Куратор выставки «До востребования» о подделках, оригиналах и реакции зрителей на работы авангардистов.

Андрей Сарабьянов. 2015. Фото: courtesy Еврейский музей и центр толерантности

В Еврейском музее и центре толерантности открылась вторая часть выставки «До востребования. Коллекции русского авангарда из региональных музеев». В первой половине XX века произведения авангарда были распылены по городам и весям России, и сегодня не только крупные региональные собрания вроде Саратовского государственного художественного музея им. А.Н. Радищева, но и совсем небольшие краеведческие музеи являются обладателями настоящих сокровищ — произведений корифеев и менее известных мастеров авангарда: от Казимира Малевича и Василия Кандинского до Виктора Барта и Алексея Моргунова. Мария Кравцова расспросила историка искусства и куратора выставки «До востребования» Андрея Сарабьянова о подделках и оригиналах, комплексном исследовании «Черного квадрата» и зрительской реакции на работы авангардистов, а также о том, почему даже сегодня многие архивы не доступны специалистам.

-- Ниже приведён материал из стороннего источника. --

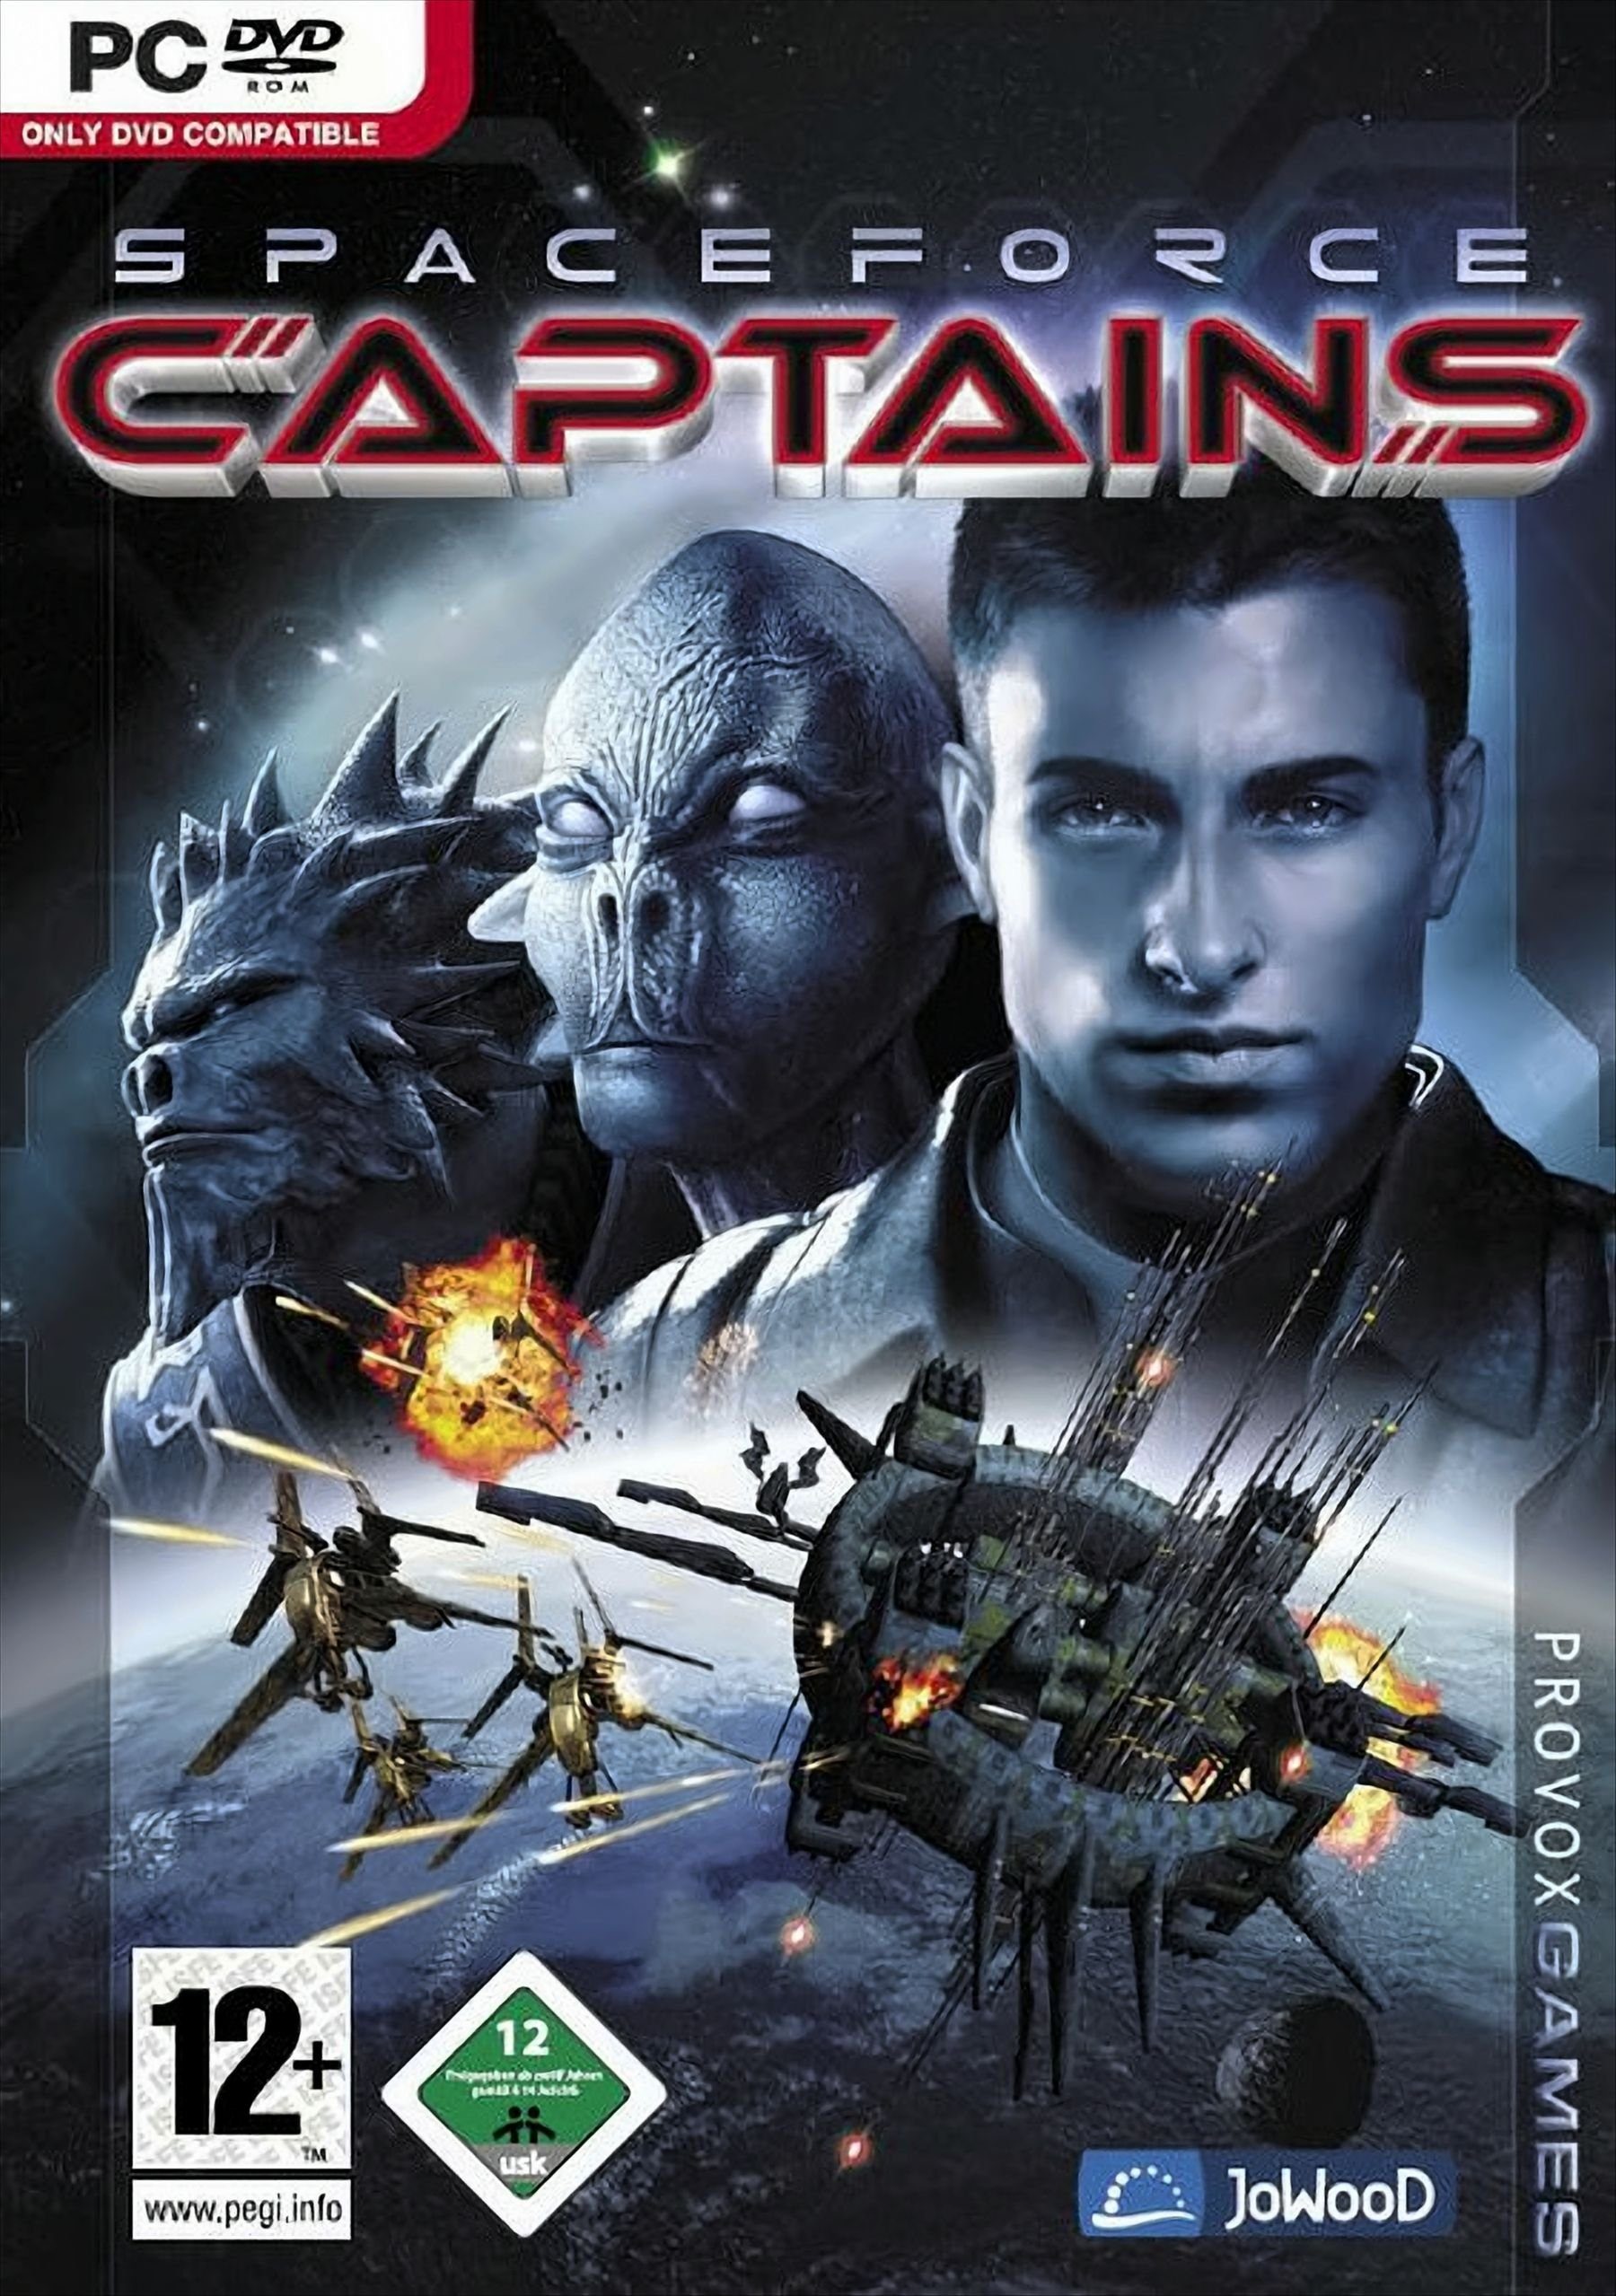 SpaceForce: Captains PC

Мария Кравцова: Выставка «До востребования. Коллекция русского авангарда региональных музеев» разделена на две части. Почему у проекта такая структура?

Андрей Сарабьянов: Материал очень обширный, и Еврейский музей довольно быстро согласился, что все это просто невозможно показать в рамках одной выставки. Первая часть нашего проекта включает в себя работы, созданные до 1917–1918 года. Этот хронологический рубеж связан не столько с началом революции, сколько с эволюцией самого искусства, которое в этот момент вышло к беспредметности. Вторая часть будет начинаться с работ 1918–1919 года и заканчиваться концом 1920-х, в ее рамках мы покажем, как беспредметное искусство развилось в конструктивизм и другие стили. При подборе вещей нам было очень важно представить неизвестные или малоизвестные работы со всех уголков нашей страны. Очень часто сохранность вещей не позволяет вывозить их из музея, в собрании которого они хранятся, к тому же сейчас многие из работ авангардистов — в отличие от советских времен, когда они никогда не покидали запасники, — демонстрируются в постоянной экспозиции. Многие наши региональные коллеги не хотели совсем уж оголять свои стены, поэтому нам пришлось долго выбирать, искать компромиссы, а иногда и торговаться. Но я рад тому, что нам в конце концов удалось собрать для выставки.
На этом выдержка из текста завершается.